Detailed workflow during production as below:

  1. Users will submit via a Git Push a JSON file with the IAM changes which they would like to be accepted. This change will be submitted into a separate branch and will not be part of the master branch until approved and cherry-picked.

  2. Power Users, which have the approval rights, will review the submitted change and either propose changes or approved from their own perspective.

  3. Once all approvals are in place, the change can be cherry-picked and merged into the master branch.

  4. While Gerrit supports an Active-Active scenario where both servers act as a master and are capable of processing requests, the backend database which Gerrit supports (either MySQL or PostgreSQL) will be deployed in a Master-Slave scenario.

  5. One-way replication of the Master Database will happen into the Slave Database. With a Multi-AZ deployment feature of AWS, automatic failover will be in place in case the Master Database will go down, the Slave Database automatically being promoted to a master if the sync link will be lost.

  6. Once the Git Push is cherry-picked into the master branch, Gerrit supports the mirroring of the master branch into a remote repository, which in this scenario is hosted in AWS using the CodeCommit functionality. Users do not require access into the CodeCommit repository, they require access only for submitting changes into Gerrit.

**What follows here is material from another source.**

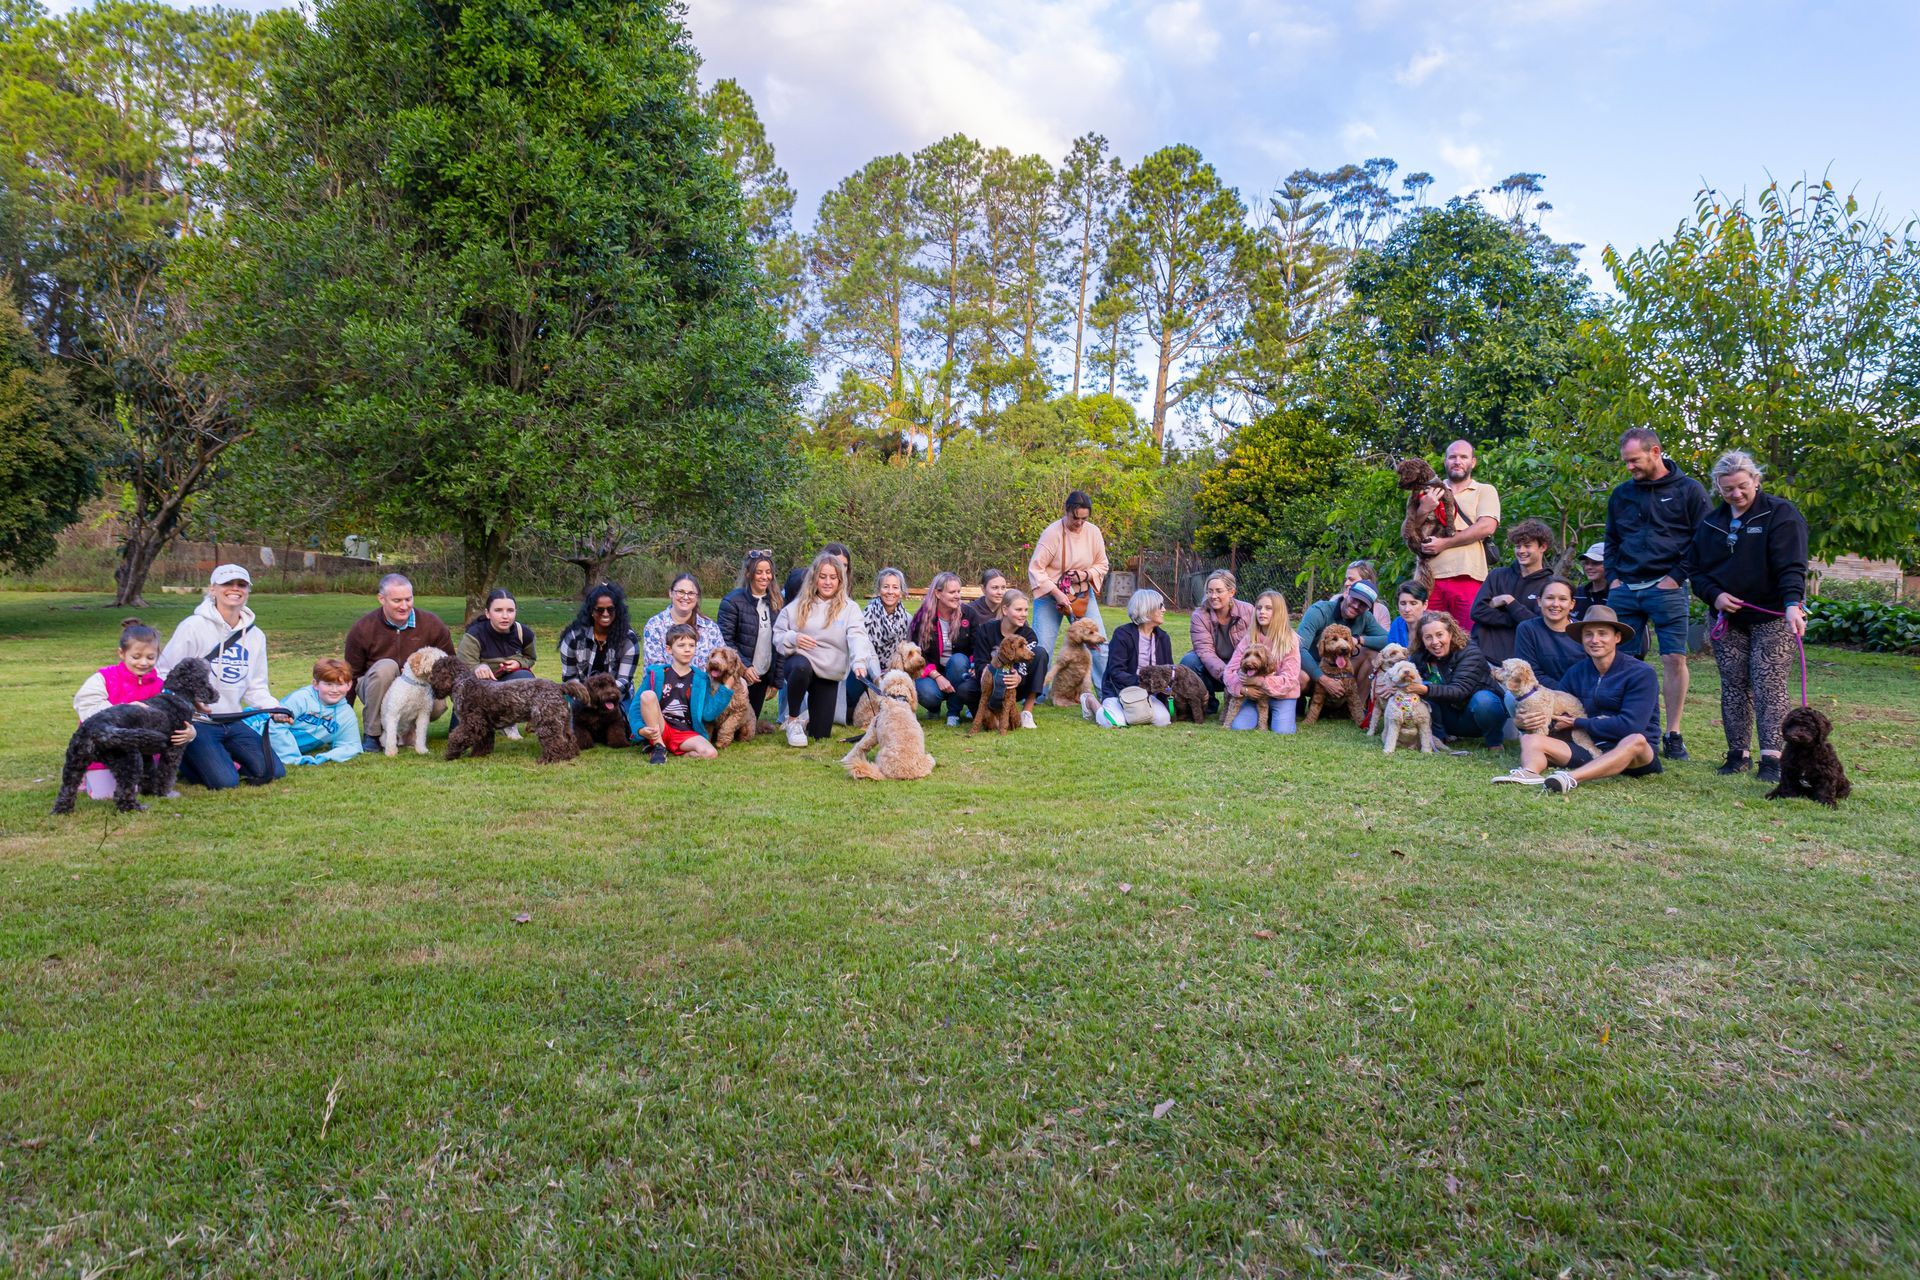 A group of people and their dogs are posing for a picture in a park.

  7. Using a Git Webhook, once a new commit is present into the master branch, a Lambda function will run the JSON file and activate the required access which the user requested for.

Minimum requirement!

Users will require basic knowledge of how Git and Gerrit systems work from a User perspective.

For security reasons, the architecture is using two different VPCs so that a Security Group is in place between the two tiers of the solution.

For high-availability, the architecture is spanning two different Availability Zones, with no single point of failure.